More than fourth of employed workers are into ‘elementary occupations’–PSA

Cigarette vendor Rogelio Buenviaje, 64, carries a wooden box containing cigarette packs and candies as he walks along busy streets to sell his items in Manila.

Over a quarter of the country’s total employed workers are street vendors, laborers and domestic helpers, according to the Philippine Statistics Authority (PSA).

The final results of the 2016 July Labor Force Survey (LFS) showed that 26.9 percent of the employed population are engaged in “elementary occupations”.

The PSA said among these are those involved in unskilled labor, such as street vendors, construction site workers, cleaners, domestic helpers and farm hands.

“One in every four of the total employed persons are engaged in elementary occupations,” the PSA said.

Former Labor Undersecretary Rene E. Ofreneo told the BusinessMirror this is proof that the informal sector is a “huge catch basin” for employment.

This is a problem for the economy since these types of workers cannot easily be absorbed by high-end employers, such as those in the business-process outsourcing industry.

Ofreneo said this is a result of uncoordinated economic and employment planning programs. He said planning should not always be for export.

“In order [to address this, we need] interventions, like asset reform and human-resource development programs, that are tailored to their needs,” Ofreneo said.
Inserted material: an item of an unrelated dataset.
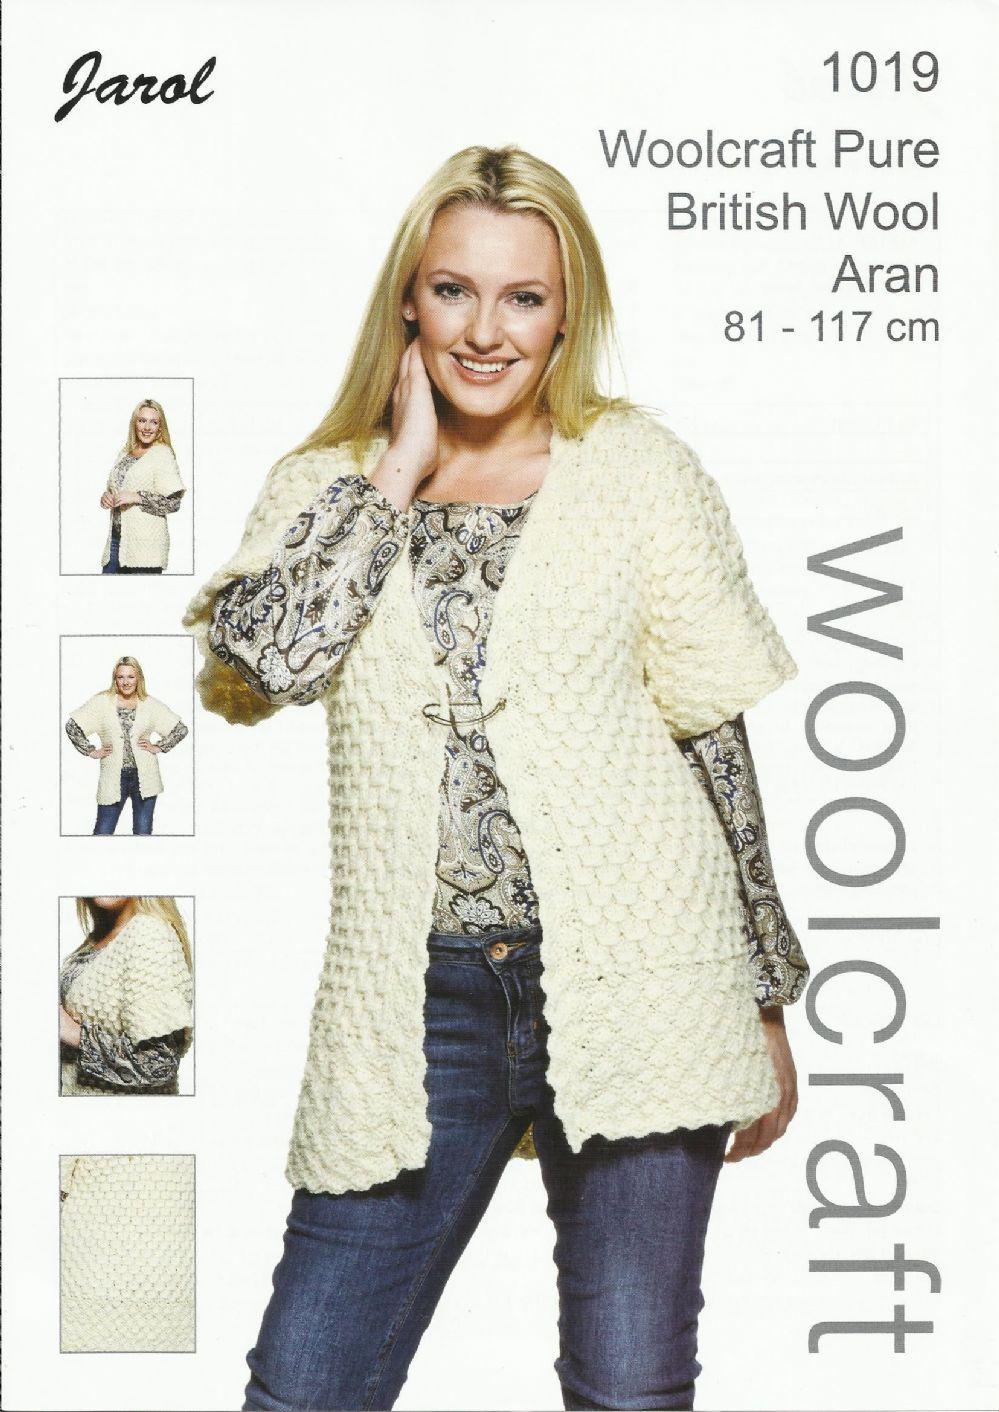 777a22ef1 30 Awesome Image of Aran Knitting Patterns Free . Aran Knitting Patterns  Free Woolcraft Ladies Waistcoat Aran Knitting Pattern 1019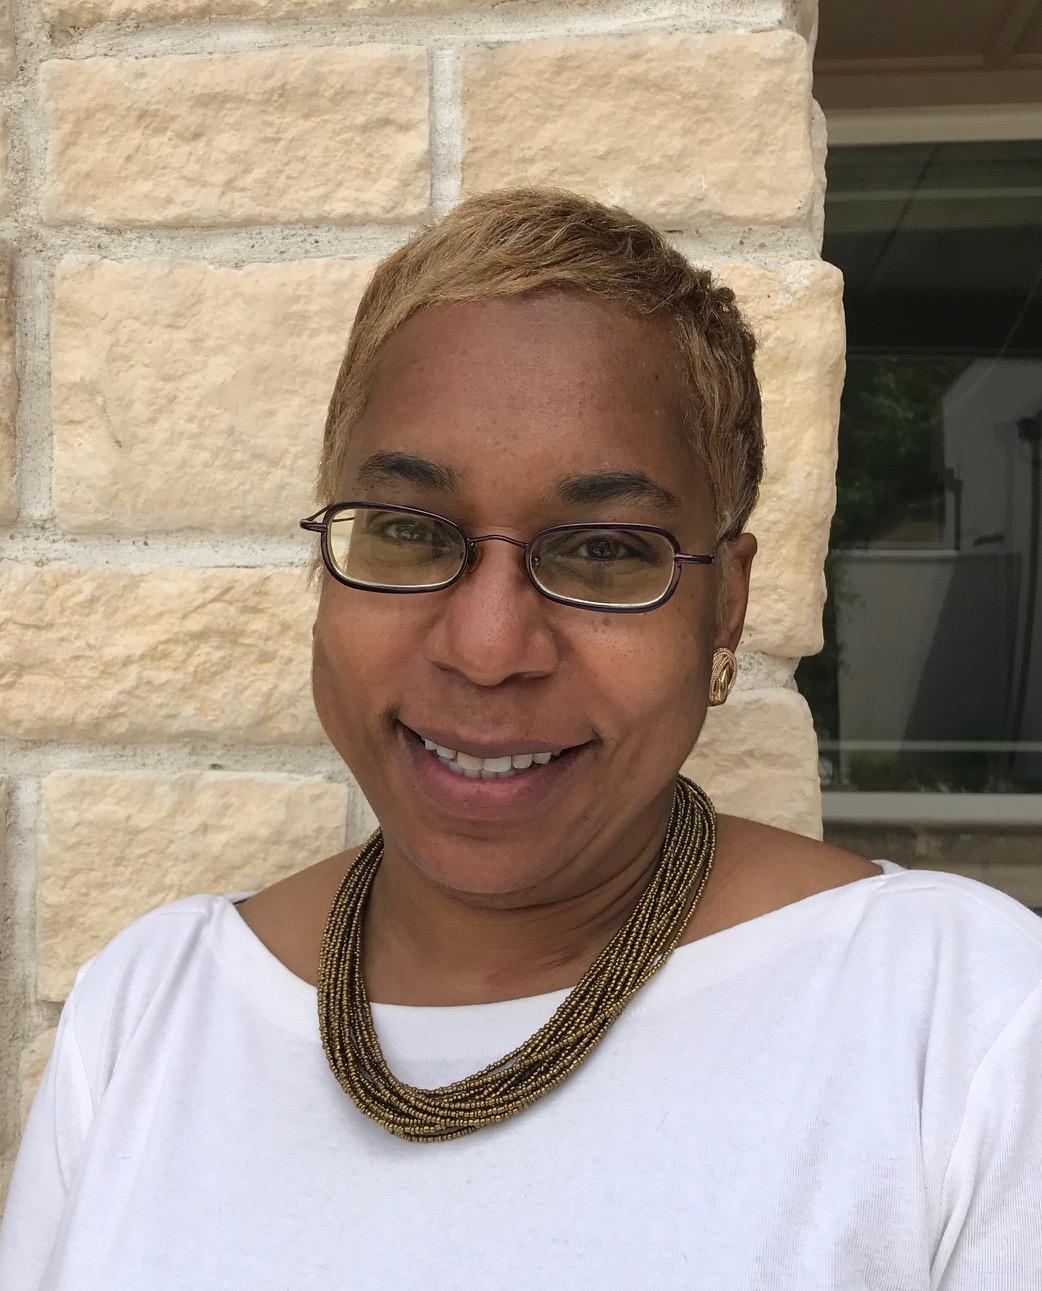 Roshanda Brown - Director of Admissions at Methodist DeSoto Nursing Home

The second-largest group of workers are managers at 17.3 percent, followed by service and sales workers at 15.2 percent; skilled agricultural, forestry and fishery workers, 13 percent; and craft and related trade workers, 8 percent.

The PSA data showed plant and machine operators and assemblers accounted for 5.8 percent; clerical- support workers, 5.2 percent; professionals, 5.1 percent; technicians and associate professionals, 3.4 percent.

The occupation with the least percentage of the work force are armed forces and special occupations at 0.2 percent of the total.

“[Employed workers] refer to persons in the labor force who are reported either as at work, or with a job or business, although not at work. Persons at work are those who did some work, even for an hour, during the reference period,” the PSA said.

Meanwhile, data showed more than half, or 55 percent, of the employed population were in the services sector.

This was followed by the agriculture sector, which accounted for 27.2 percent, and the rest, or 17.8 percent, were in the industry sector.

Data also showed three in every five, or 61.2 percent, of the total employed persons were wage and salary workers.

Some 27.6 percent were self-employed, while 3.5 percent were employers in own family-operated farm or business,  and 7.7 percent were unpaid family workers.

The PSA, however, said overseas Filipino workers are not considered part of the labor force in the Philippines.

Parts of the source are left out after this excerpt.